Seán nodded, slowly. ‘Grand.’ He’d paused. ‘It’ll be hard without her, though, won’t it?’ His voice had cracked and Patrick needed Seán to understand they weren’t going to crumble. If he wasn’t going to be around, he needed Seán to be okay.

‘She’d want us to crack on with things,’ he’d said.

‘We’re going to be okay, Seán. We really are.

’ He looked at his brother right in his blue eyes, the ones he’d inherited from their mother and she from her father, Jimmy Fitzgerald.

A dairy farmer himself, son of one and on it went, each generation gathering more cows.

Until they got to Patrick and Seán and the farming line ended with them.

He drove to the airport and cleared customs, and as he sat down on the flight, he felt his hands begin to shake.
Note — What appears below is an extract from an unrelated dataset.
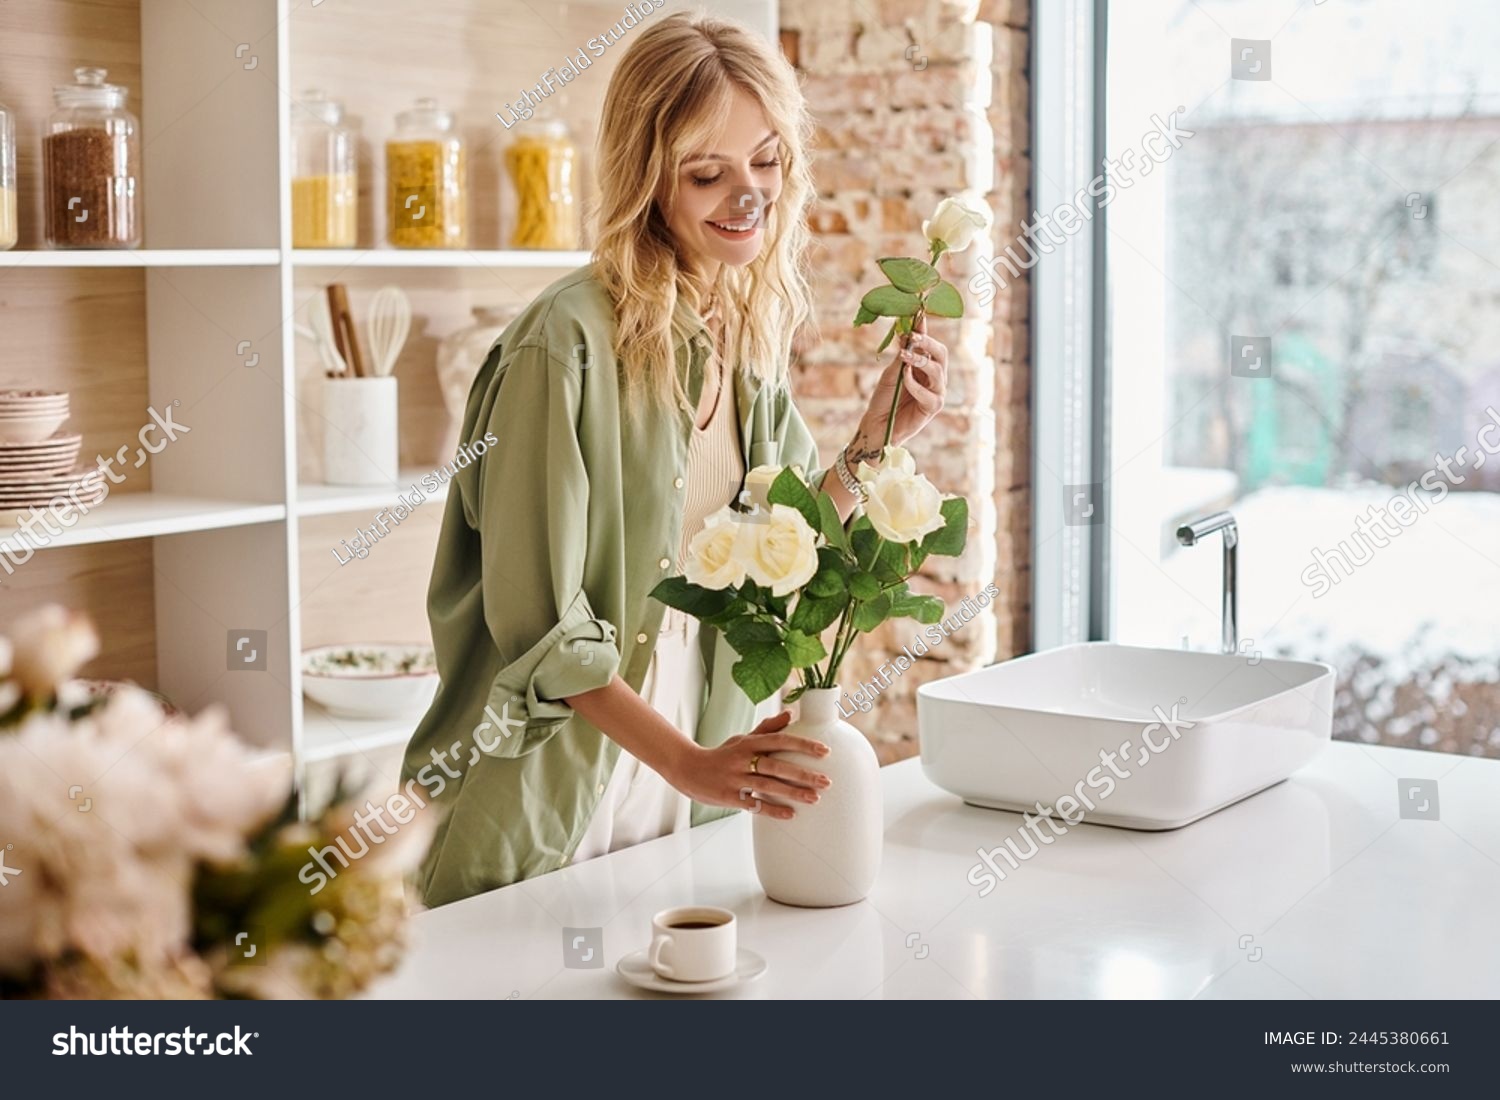 Woman in kitchen arranging colorful flowers in a vase at home. #2445380661

The shock of the funeral, the adrenaline of the last days, weeks and months, his grief beginning to seep into all the little crevices of his being.

For feck’s sake. He reached his hand to the small bell above his head, and pulled it.

‘A double whiskey,’ he said, smiling at the steward. ‘No ice, please.’

He swigged back the whiskey, ordered one more, and fixed his eyes on some godawful film for the rest of the flight, willing himself gone from Ireland and wishing himself free of everything that had gone on before.

Vulnerability, cracking up, breaking down was not an option.

Never had been and never would be. He’d learned the lesson well from facing down his father for all those years and he was not about to start now.

But there was one person he wanted to talk to, someone he used to know, someone he didn’t think about as much as he used to.

She’d understand, he thought. She’d lost her own mother.

But Rosie was years before and they hadn’t spoken for so long.

They were strangers now. That was then. And today, back in Boston, heading back to Ireland, this time for Seán’s wedding, he felt nervous again.